Financial lifeline. The enacting of health care reform that has innovation promotion as one of its focuses and the establishment of a balanced biosimilars approval pathway will improve the policy environment for innovation and the investment climate for the biotechnology sector, but many companies need more direct and immediate relief. Health care reform legislation being considered by the U.S. Senate would bring that relief by creating a therapeutic discovery project tax credit (13). Specifically, this proposal would reimburse small biotechnology companies with 250 employees or fewer for a portion of resources spent on therapeutic development activities, including hiring scientists and conducting clinical studies. The amendment authorizes $1 billion in credits or grants in the 2009 and 2010 tax years to pay for 50% of qualifying drug R&D activities. Eligible projects would be those designed to treat or prevent diseases or conditions by conducting preclinical studies, clinical trials, or research protocols for the purpose of securing approval of a drug or biologic; identifying disease-related molecules for molecular diagnostics to guide therapeutic decisions; or developing processes, technologies, or products to enhance the delivery of therapeutics.
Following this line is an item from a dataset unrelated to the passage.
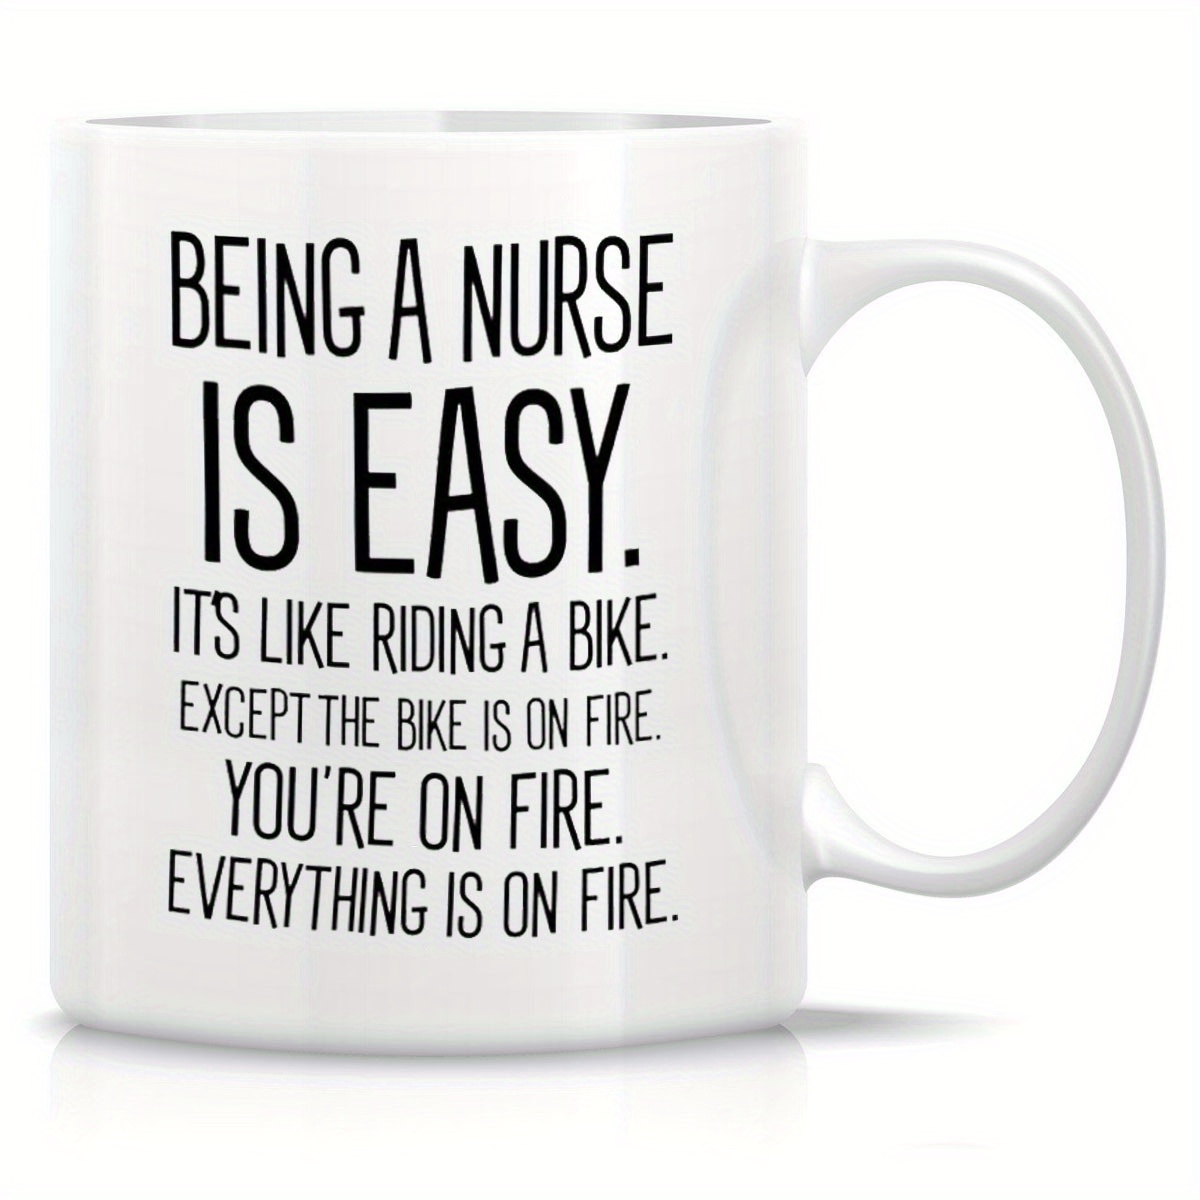 

1pc, Funny Mug - Being A Nurse Is Easy 11 Oz Ceramic Coffee Mugs - Funny, Sarcasm, Motivational, Rn, Nursing Student, Inspirational Birthday Gifts For Friends, Coworkers, Sister, Brother, Dad, Mom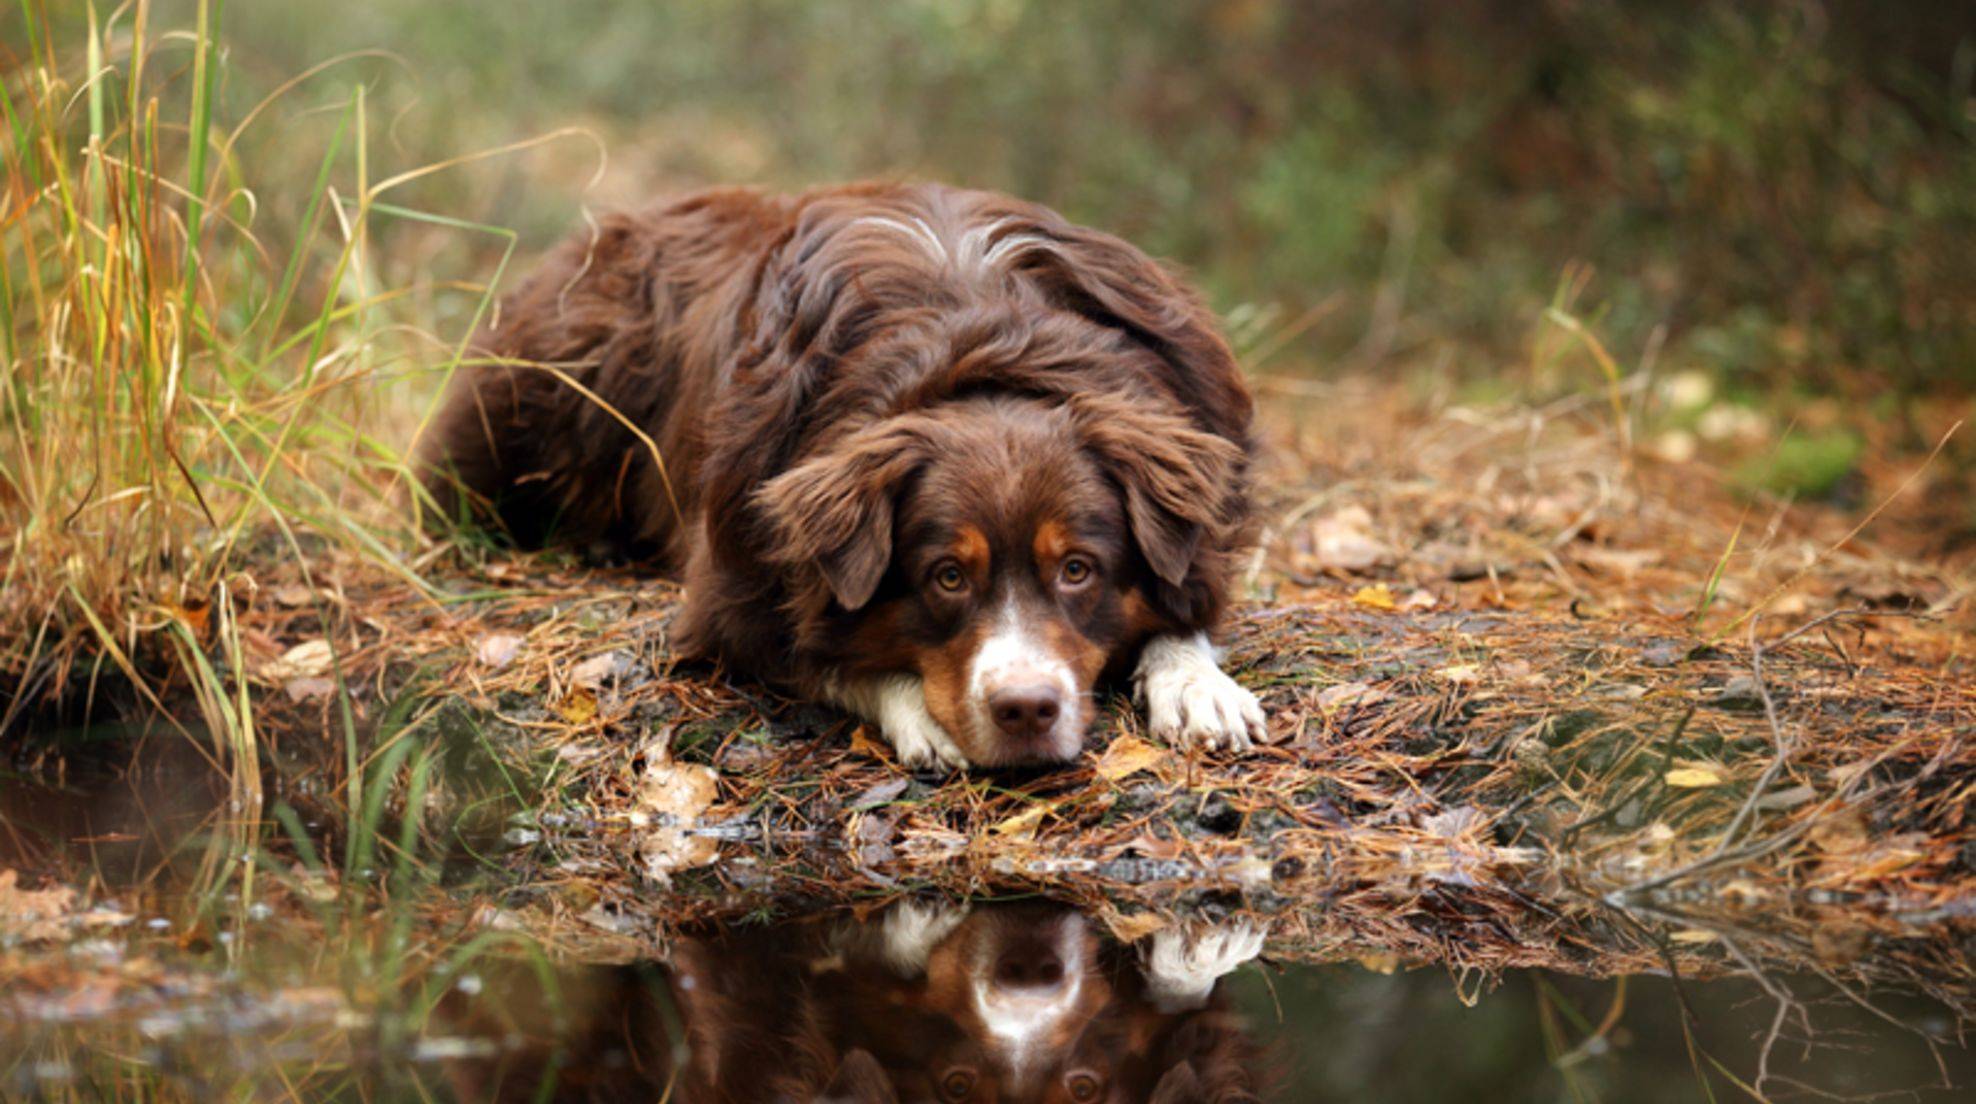 Why dogs should not drink from puddles

In granting these credits, the U.S. Treasury Department would support projects that are likely to lead to new therapies to treat areas of unmet medical need, address chronic or acute diseases, reduce long-term health care costs, or significantly advance President Obama’s challenge to cure cancer in our lifetime. Because biotechnology companies are at the forefront of all of these endeavors, the research tax credit can potentially benefit a broad range of companies. The research budgets of most companies that would qualify for such tax credits fall in the range of $10 million to $30 million per year, so the $1 billion allocated for the credits can cover many recipients. For the vast majority of small biotechnology companies that are not yet profitable, the credits can also be converted into grants (13).

These policy prescriptions can provide relief for some of the ills facing the industry and help sustain biotechnology researchers and their investors so that they can continue to collaborate on creative biomedical products. Millions of people are waiting, some for a new treatment, some for a cure. Biotechnology provides the best chance we have to end the waiting and deliver on the promise of modern biomedical innovation.


  • Citation: J. C. Greenwood, Biotechnology: Delivering on the promise. Sci. Transl. Med. 2, 13cm1 (2010).